Q30 of 38 · Performance

How do you detect performance regressions between releases automatically?

PerformanceMidperformanceregression-detectionbaselineci-cdk6influxdb

Short answer

Short answer: Compare each run's key metrics against the stored baseline using percentage-deviation thresholds. Fail the build when p95 or p99 exceeds the threshold. Track trends over time to distinguish gradual drift from sudden regressions.

Detail

The simplest approach: store the baseline metrics in a JSON file committed with the tests. After each load test run, a comparison script checks whether p95 has increased more than 15% (or whatever threshold the team agrees), and if so, exits with a non-zero code to fail the pipeline.

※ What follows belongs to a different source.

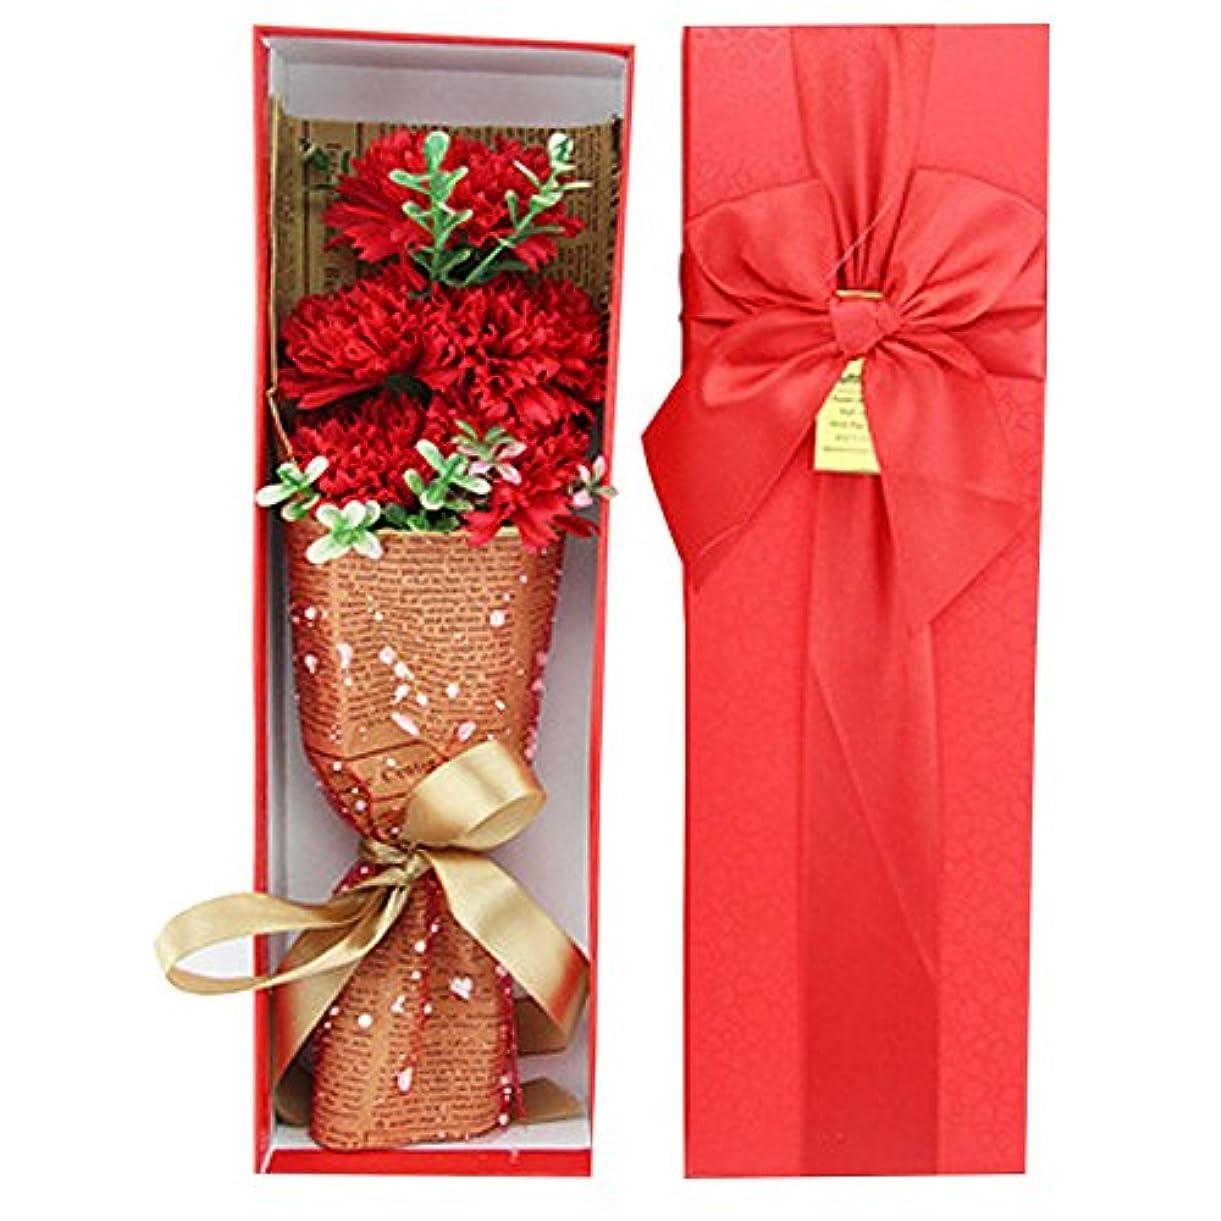 週末保証エジプト人iCoole ソープフラワー 石鹸花 ハードフラワー形状 ギフトボックス入り 母の日 お誕生日 ギフトなどに最高 (レッド)

For more sophisticated tracking, send results to a time-series store (InfluxDB + Grafana, Datadog, or k6 Cloud). This enables visualising per-endpoint latency over weeks and spotting gradual degradation that falls within a single-run threshold but is clearly trending upward over multiple releases.

Key rules for reliable regression detection:

  • Only compare runs from the same test environment and the same load level.
  • Use percentile metrics (p95, p99), never average — a single slow outlier hides in the average.
  • Account for natural variance: a 5% increase might be noise; a 20% increase is almost certainly signal. Set thresholds based on measured baseline variance, not intuition.

// WHAT INTERVIEWERS LOOK FOR

Percentage-deviation thresholds against a stored baseline. Time-series trending to catch gradual drift. Using percentiles, not averages. Same environment required for valid comparisons.